When the Australia-United States Defence Trade Cooperation Treaty was signed in 2007, Australia was forced to succumb to the rules of the US International Traffic in Arms Regulation (ITAR). Hence, the new rule that intangible “supply” or “publication” (including email exchange) of technology listed on the Defence and Strategic Goods List would be a criminal offence, attracting the harsh penalties.
The US refuses to supply Australia with “smart” (electronic) weapons and technology unless we are signed on to their system for trying to control intellectual developments in research. This is ironic, because the US system leaks like a sieve, and China is thought to know as much about US research as the Obama Administration does. Edward Snowden – the man who leaked America’s innermost secret communications – was not an Australian.
Most of the people who could face huge fines and jail time under the DTCA have no idea the new law applies to them. Dual-use restrictions mean the new law affects researchers even if they have no relationship – and have never had a relationship – with the Department of Defence.
The third major criticism of the new law is that Defence virtually encouraged public ignorance of its ramifications, and actively refused to engage in proper public consultation.
Senator David Fawcett, Liberal,South Australia
Speaking in Parliament as the Bill passed the Senate, Senator David Fawcett(2), a Liberal from South Australia, former Army helicopter test pilot and commanding officer as a Lt-Colonel of the RAAF Aircraft Research and Development Unit, delivered a withering rebuke to his former alma mater in a speech pillorying Defence’s approach:
“One of the things the committee found was that the consultations undertaken by the Department of Defence in this case were inadequate, and that would be understating the extent of the consultations. As someone who served for over 23 years in Defence, I am ashamed to have to tell this chamber that the consultation was inadequate.This lack shows that many in Defence are put into roles—they might be working with an industry sector or an academic sector that they have never been a part of—and sometimes their concept of what will have an impact is not informed by their own life experience; and that is why consultation is so important. Consultation is important not only to transmit information but also to provide real opportunities to listen and understand what the practical impact of measures that the parliament legislates may have on industry or on academia.”

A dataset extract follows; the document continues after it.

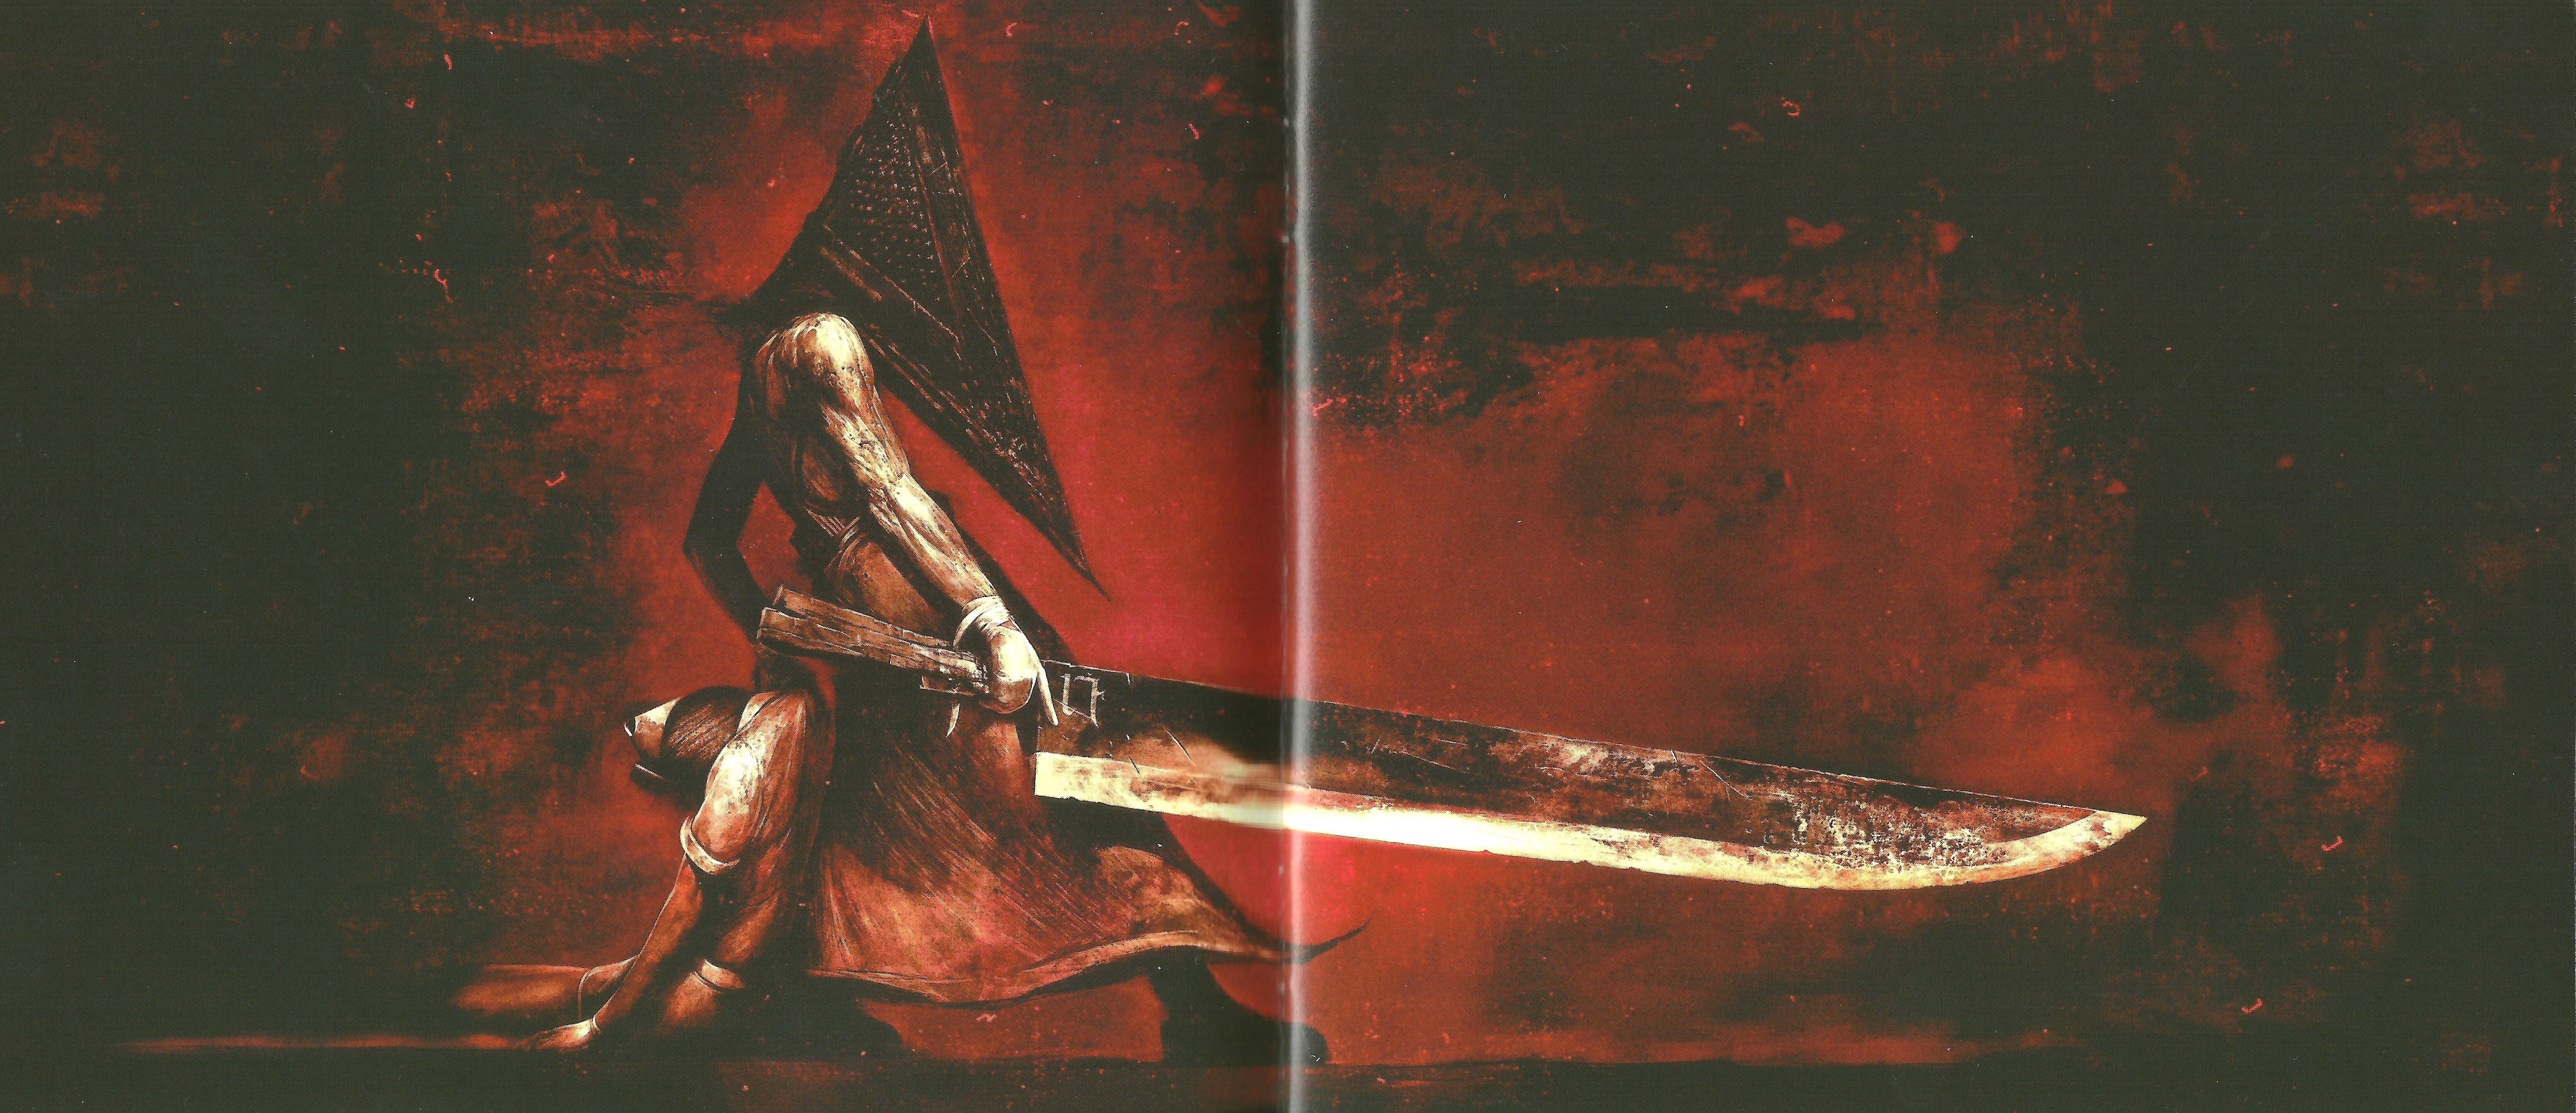 General 6598x2850 panic Silent Hill triangle knife red Pyramid Head video games video game characters Video Game Horror creature video game art

According to some working in the field, lack of consultation is the least of Defence’s sins.
Brendan Jones, a longtime critic who used to run an Australian Defence-related research business but who now has emigrated his business because of these and other anti-inventiveness laws, says Australian industry’s concerns have been ignored.

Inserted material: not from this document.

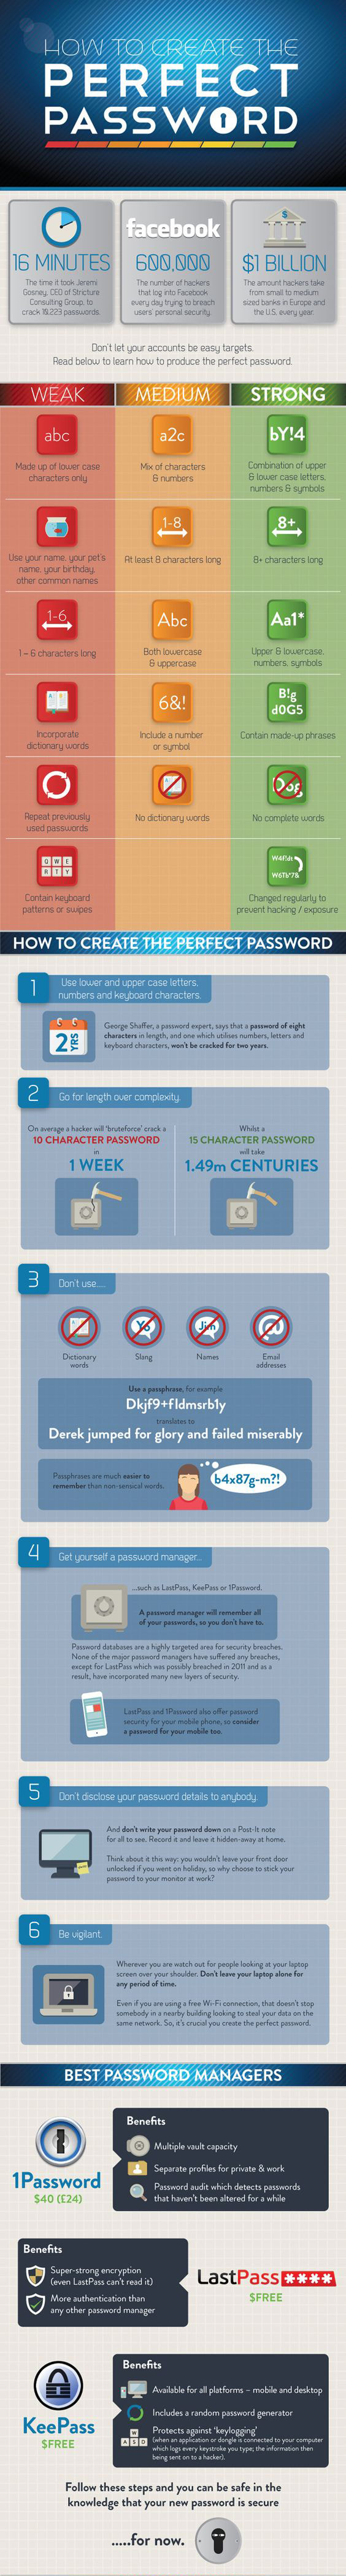 It seems obvious, but passwords are our first line of defense against a growing army of nefarious hackers looking to steal our data, money or even identities. While many people know how serious the issue of cybersecurity is, many still use passwords that are remarkably bad. Compounding matters is the common practice of using the same password across multiple accounts, so a hacker who gains access to one account may be able to breach others. But protecting yourself is easy and there’s just no excuse for leaving your accounts vulnerable with bad passwords.  With more and more of us shifting everyday tasks--banking, education, social interaction, even shopping for groceries--to the virtual world, securing our personal information has become more important than ever. One of the simplest ways to help protect our financial and other info from prying eyes and would-be identity thieves is to use a strong password. Yet many people take a decidedly casual approach to choosing a password, with potential disastrous results.  Much of the advice in the graphic might seem like common sense, but the frequency with which password-related breaches occur tells us that’s not the case. There are also some interesting things in there that you might not know, however. For example, the length of your password is incredibly important -- a hacker can use a “bruteforce” attack to guess a 10-character password in about 1 week, while a 15-character password will take almost 1.5 million centuries to crack.  Do yourself a favor and look through the infographic below for helpful hints on how to protect yourself online.

“A very big problem with the DTCA is the lack of protection for commercial confidentiality. The Department of Defence has a history of stealing intellectual property, abusing inside information for commercial gain, and an ongoing corruption problem.

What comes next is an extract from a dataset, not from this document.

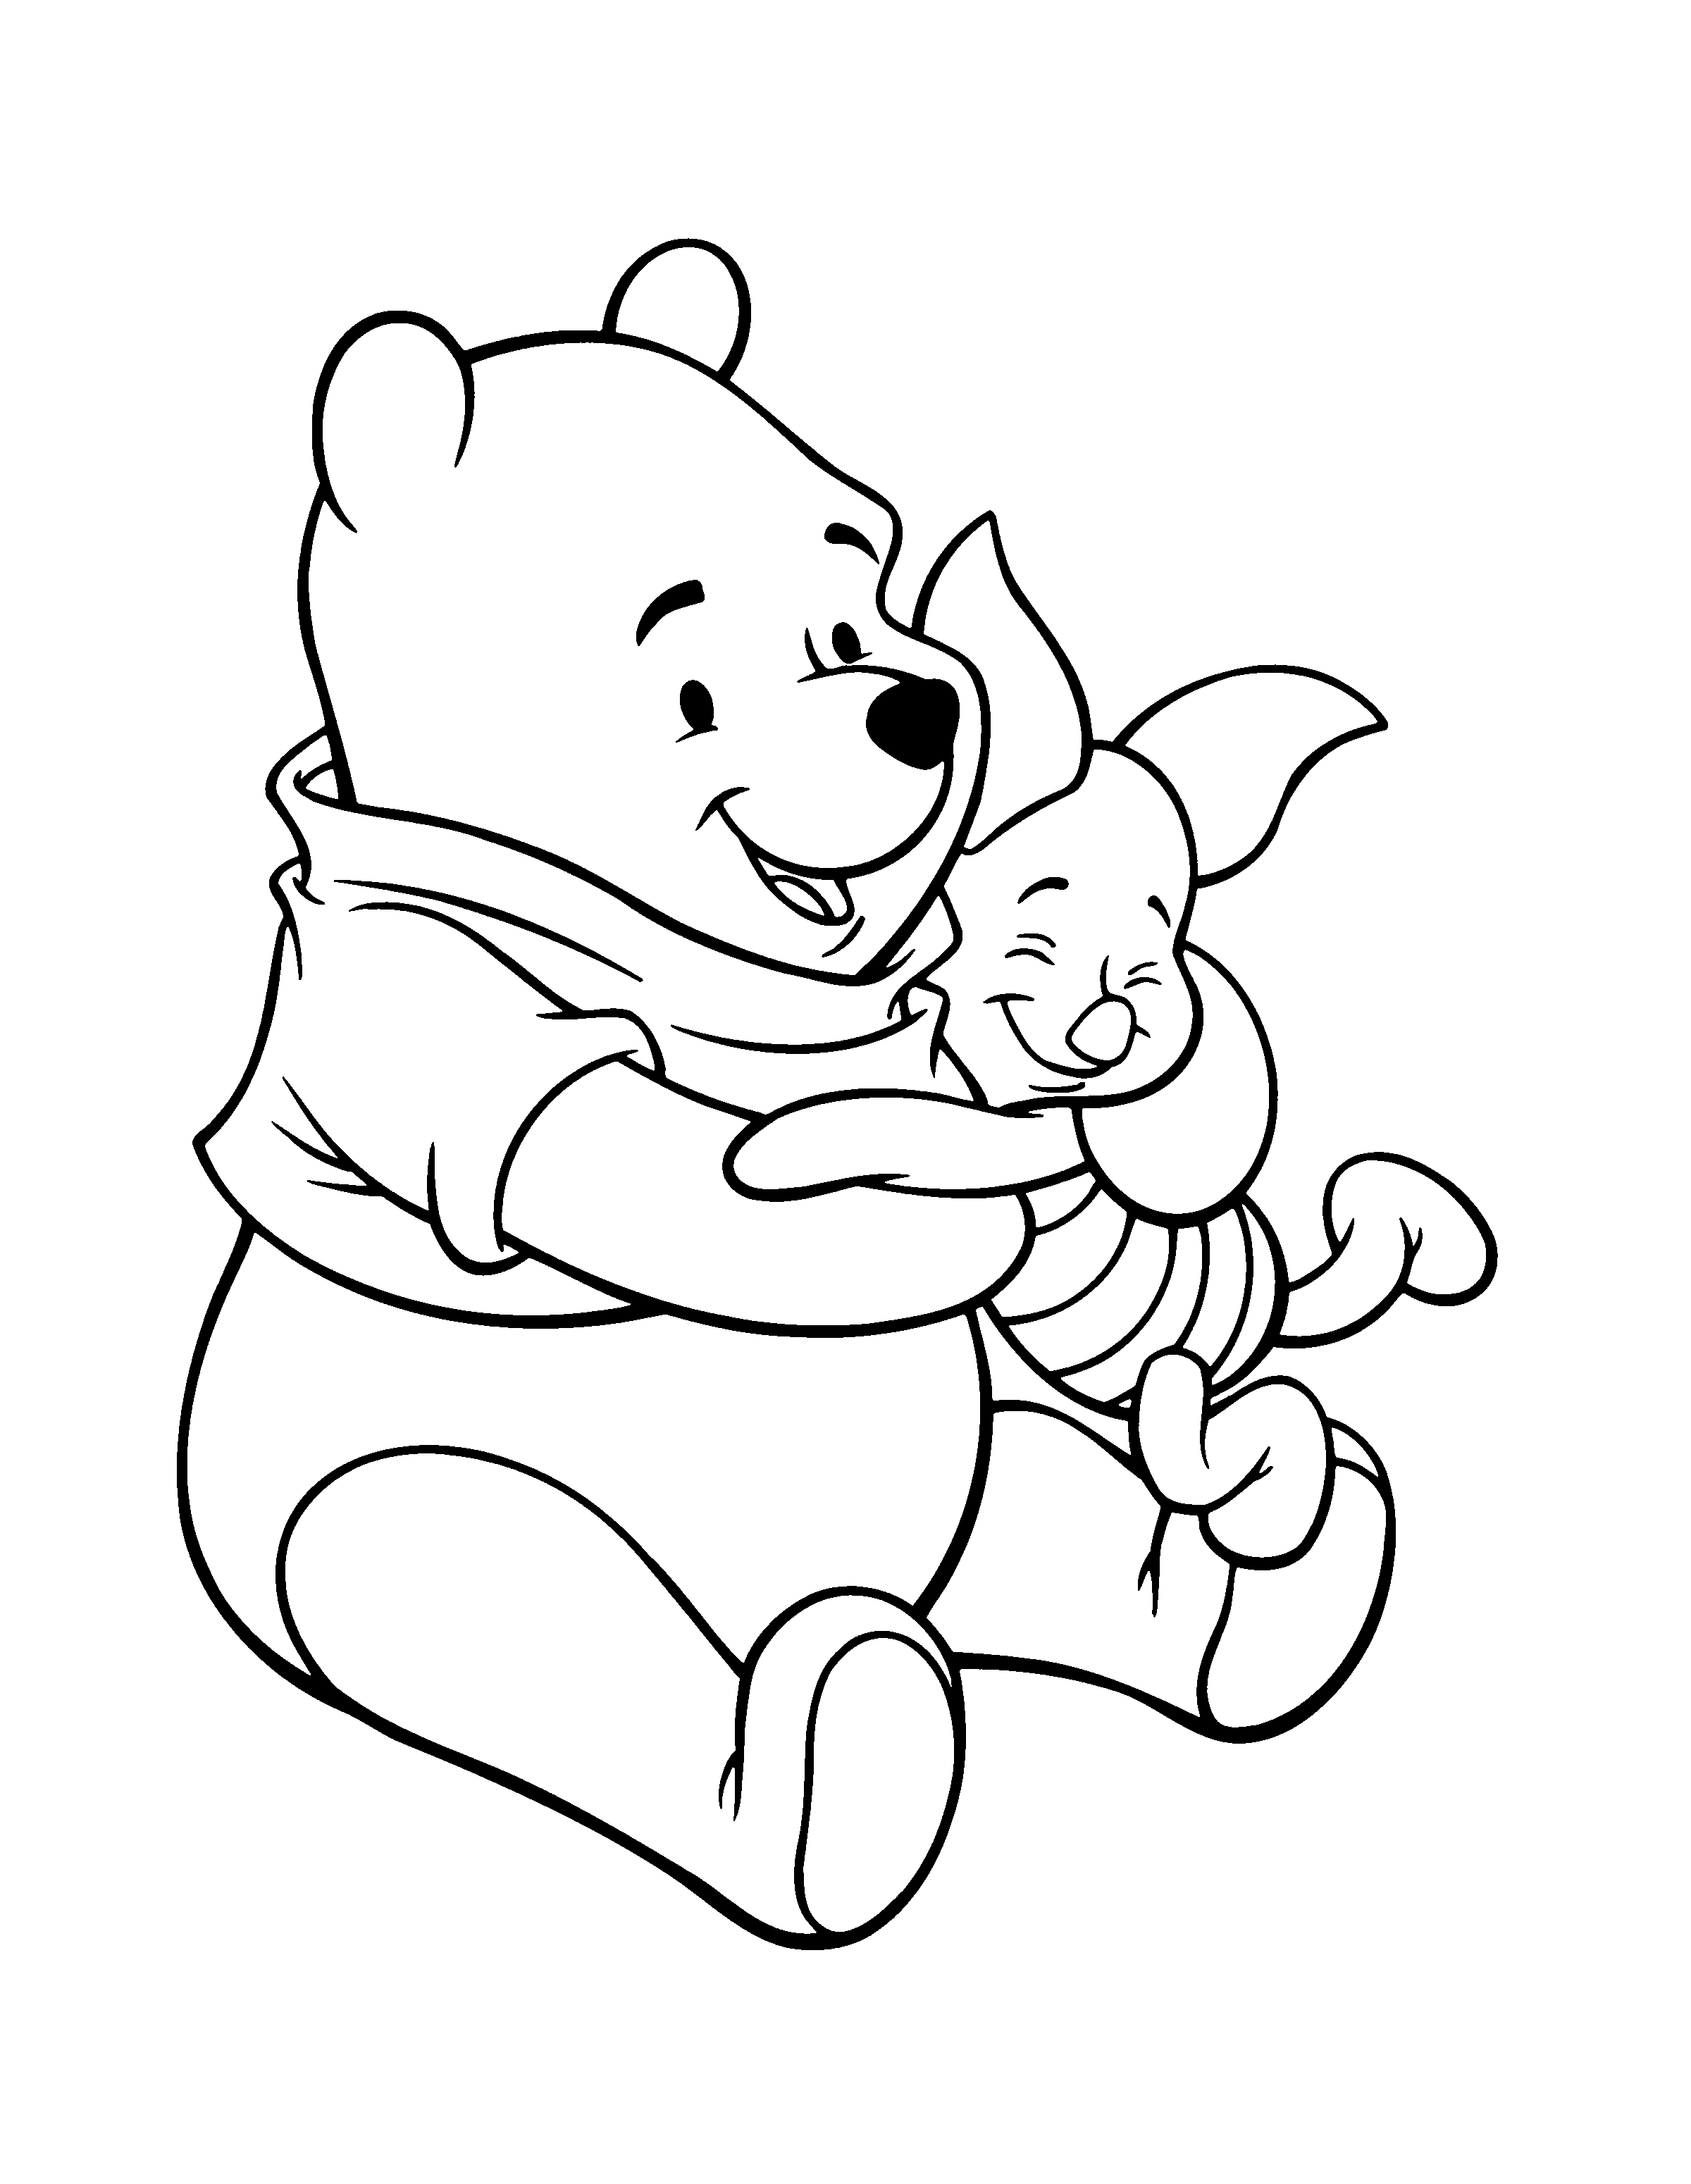 winnie-the-pooh-coloring-pages-coloringpages1001

“They also have their own business enterprises (Defence actually bids for its own contracts!) and business partners.
“The DTCA ‘forces’ companies to reveal their intellectual property to Defence, with no protection against it being abused.
“The DTCA also imposes a considerable financial burden on businesses; even by Defence’s own rubbery numbers, compliance will cost your business $152,188 just for the first year,” Jones says.
(1) The TPP is a trade treaty between 12 Pacific Rim nations, expected to be signed by the Australian government in 2015. The US Dept of Agriculture has estimated it will result in 00.00% benefit to Australia. Critics say it will raise prices on medicines, audio, video and streamed products and services, and be to the detriment of Australian copyright and intellectual property regimes.
(2) Senator Fawcett is also chairman of the Defence sub-committee of the Joint Standing Committee on Foreign Affairs, Defence and Trade, and a member of the parent JSCFADT committee.